Data:

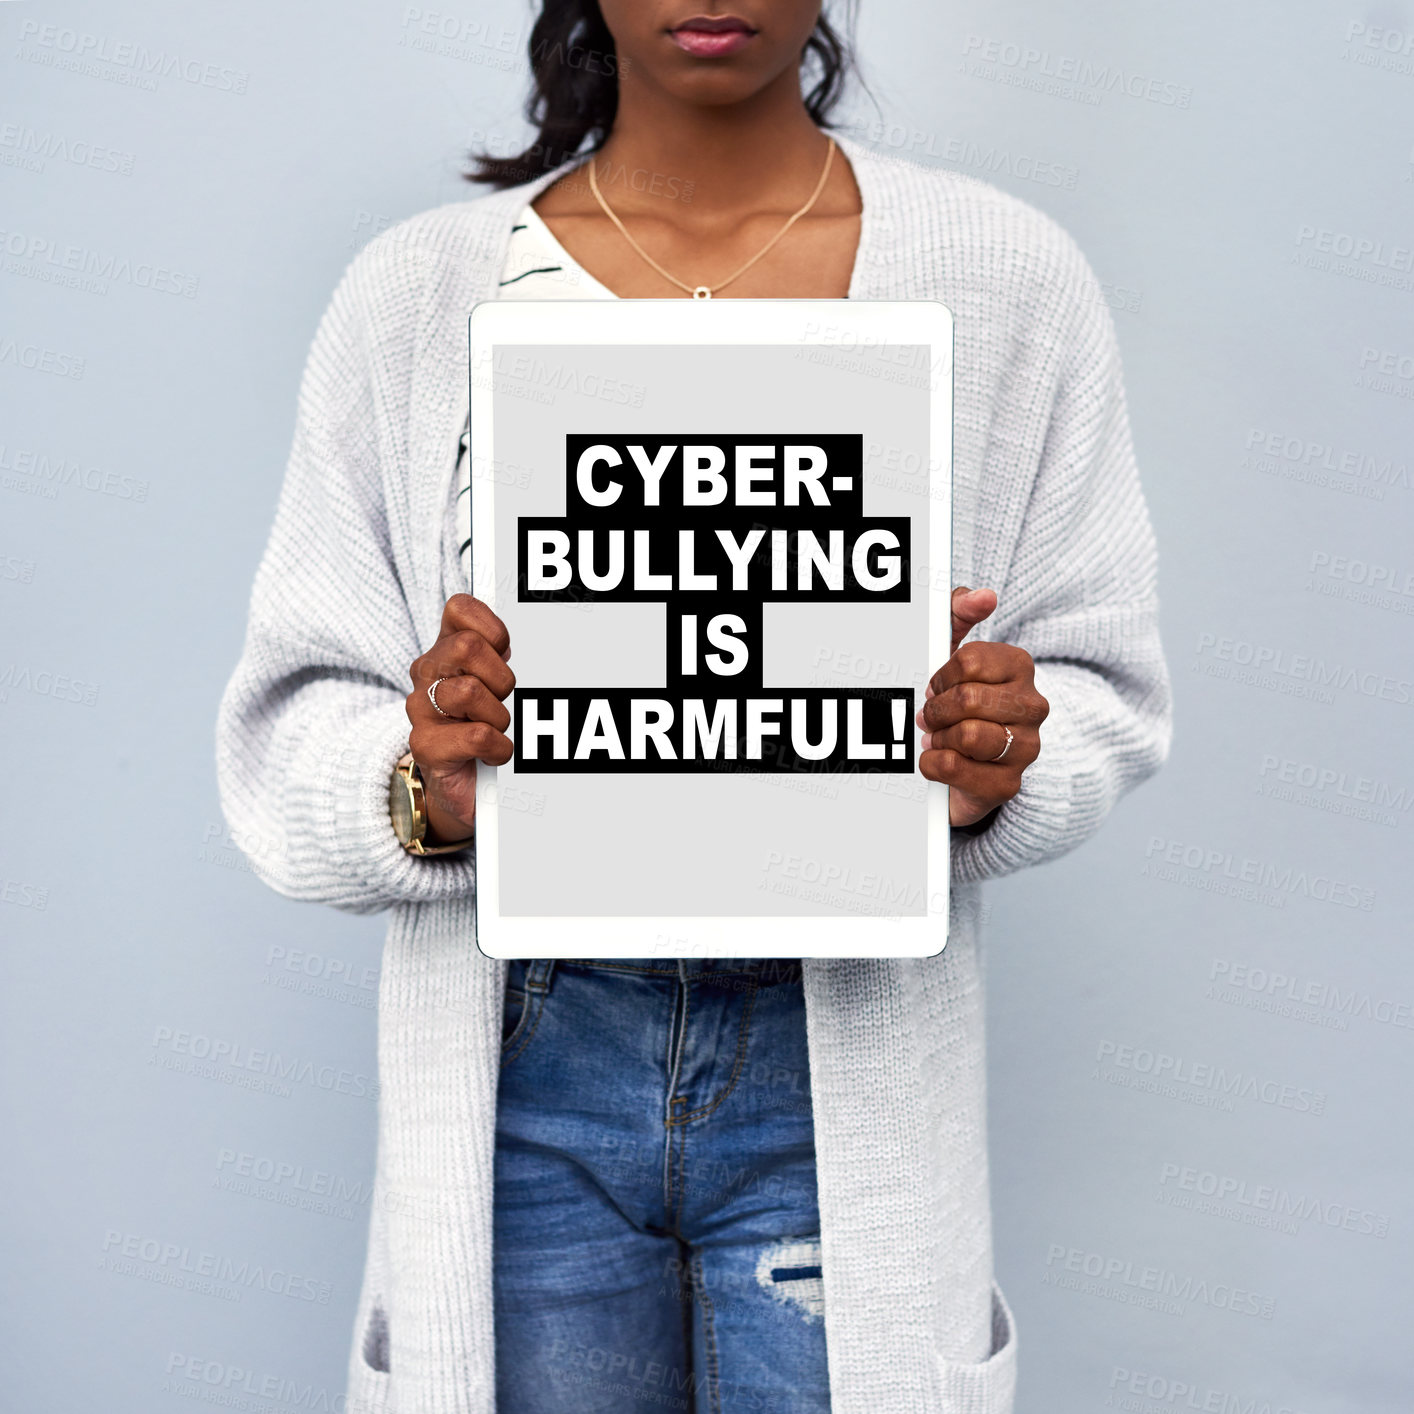 Buy stock photo Studio shot of an unrecognizable young woman holding a tablet with the message 
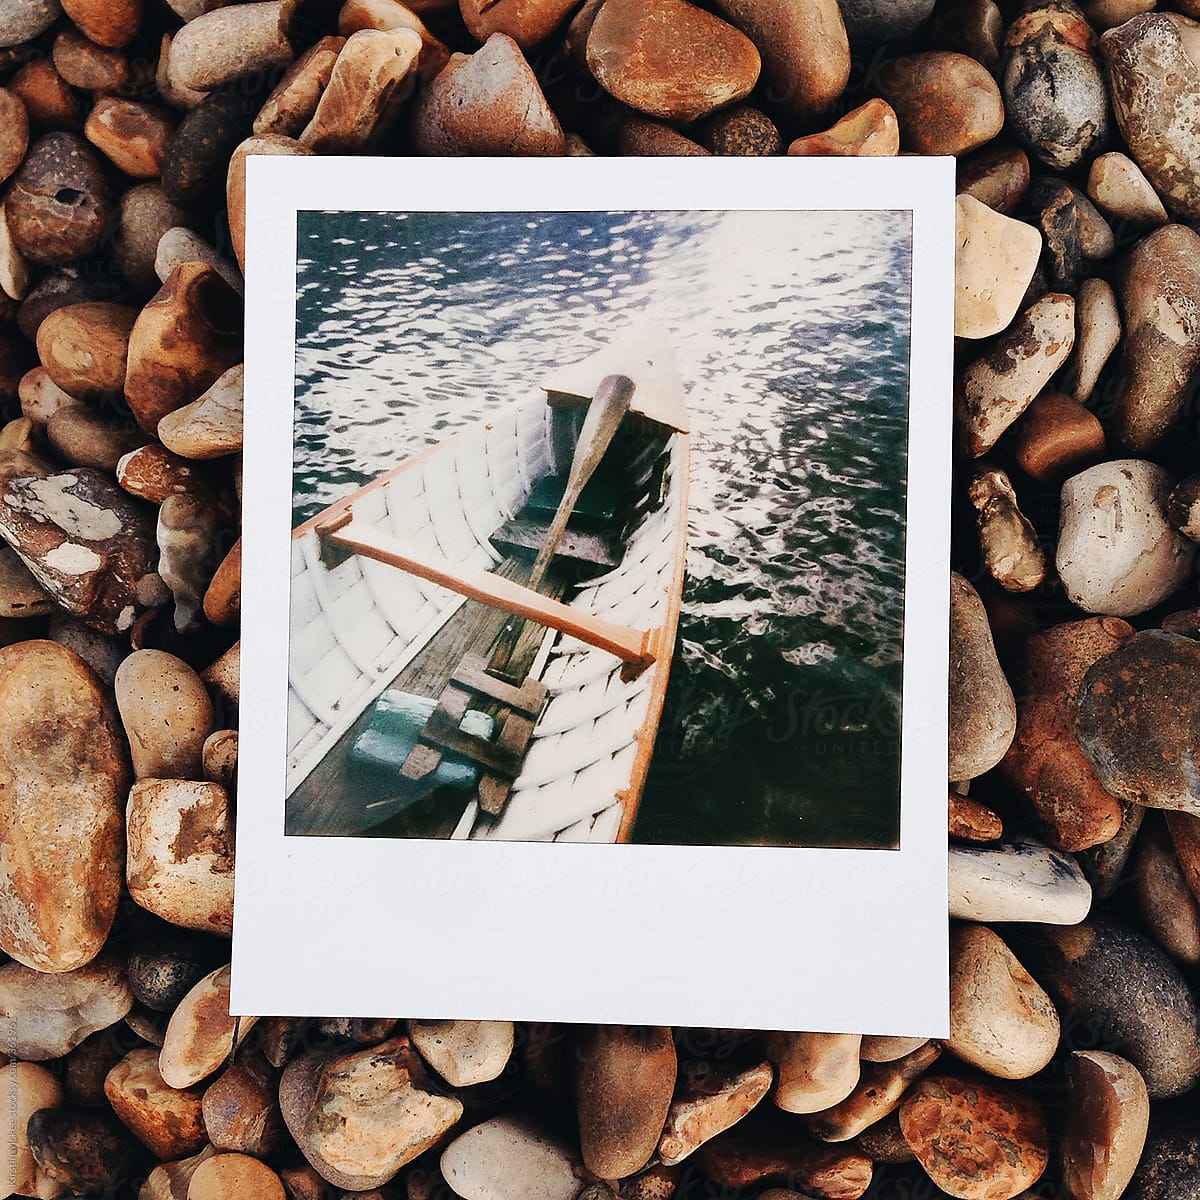 Instant image of a boat in the water, taken on a beach.
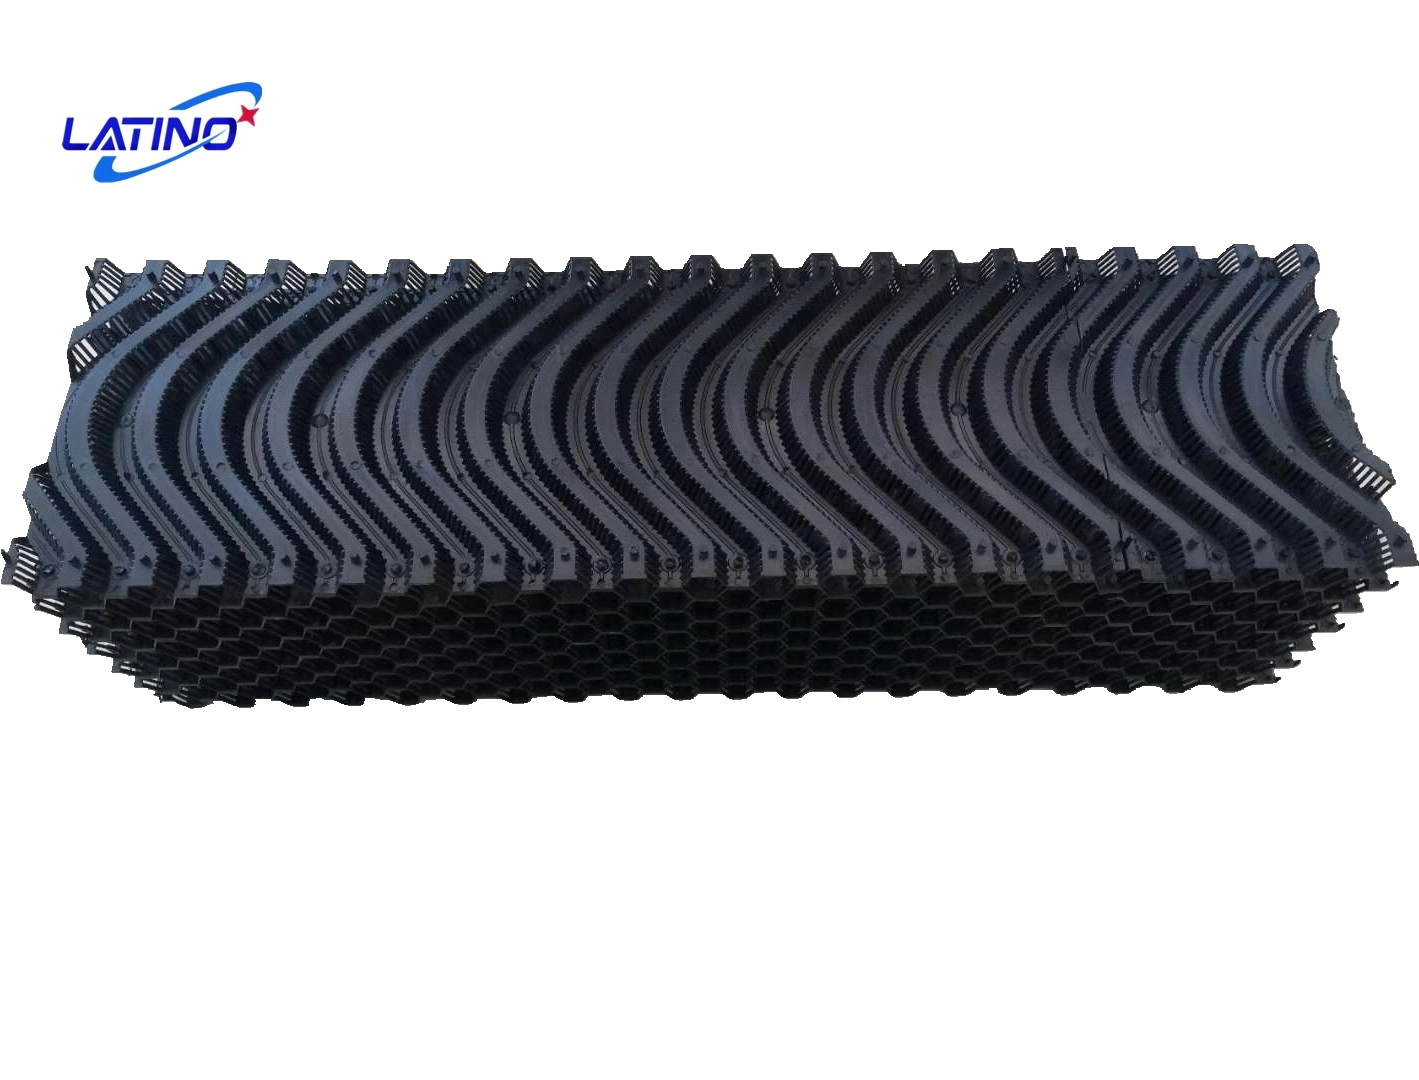 Greenhouse and Poultry Equipment Honeycomb Evaporative Plastic Cooling Pad
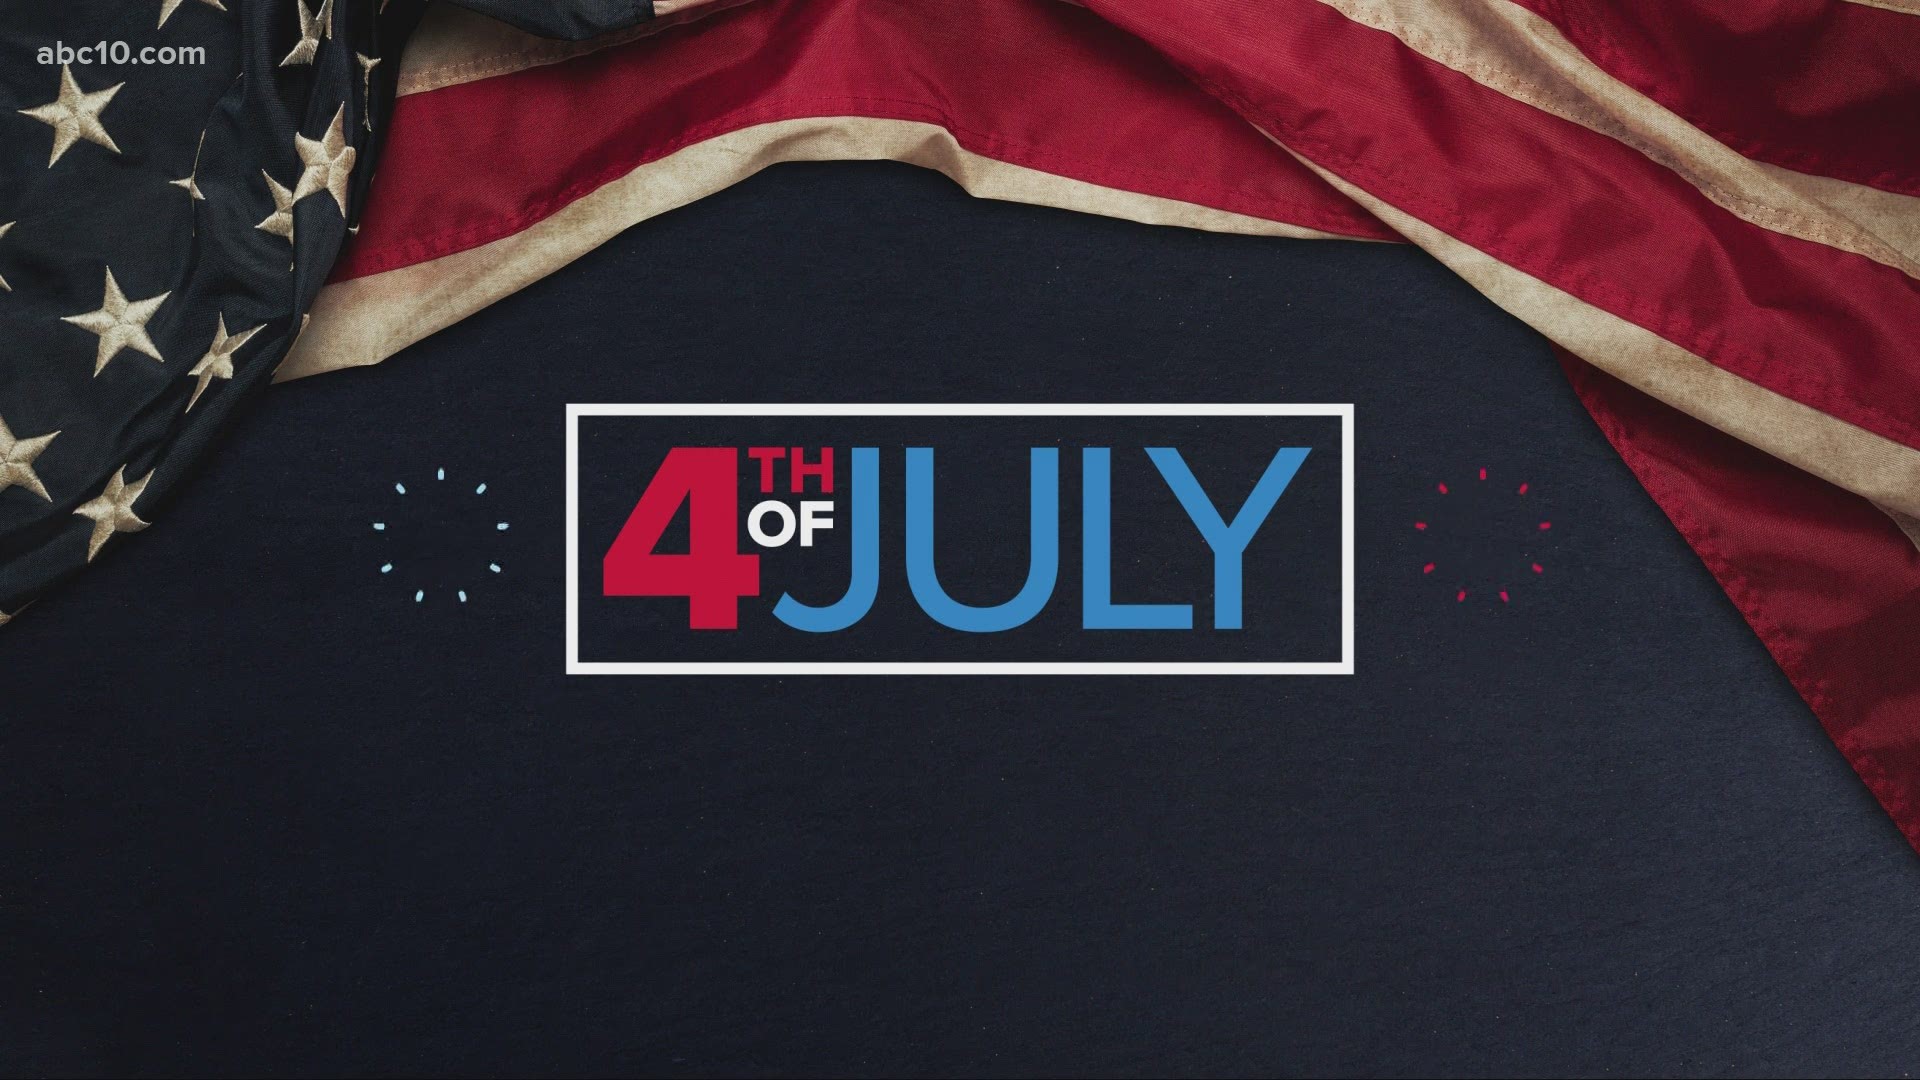 Zach Fuentes spoke to community members about what the fourth of July means to them.

Try it: From the line containing "Greenhouse and Poultry" down to the final line of the listing above, write out only those lines exactly as they are, minus the pictures.

Task response:
 Greenhouse and Poultry Equipment Honeycomb Evaporative Plastic Cooling Pad
 Zach Fuentes spoke to community members about what the fourth of July means to them.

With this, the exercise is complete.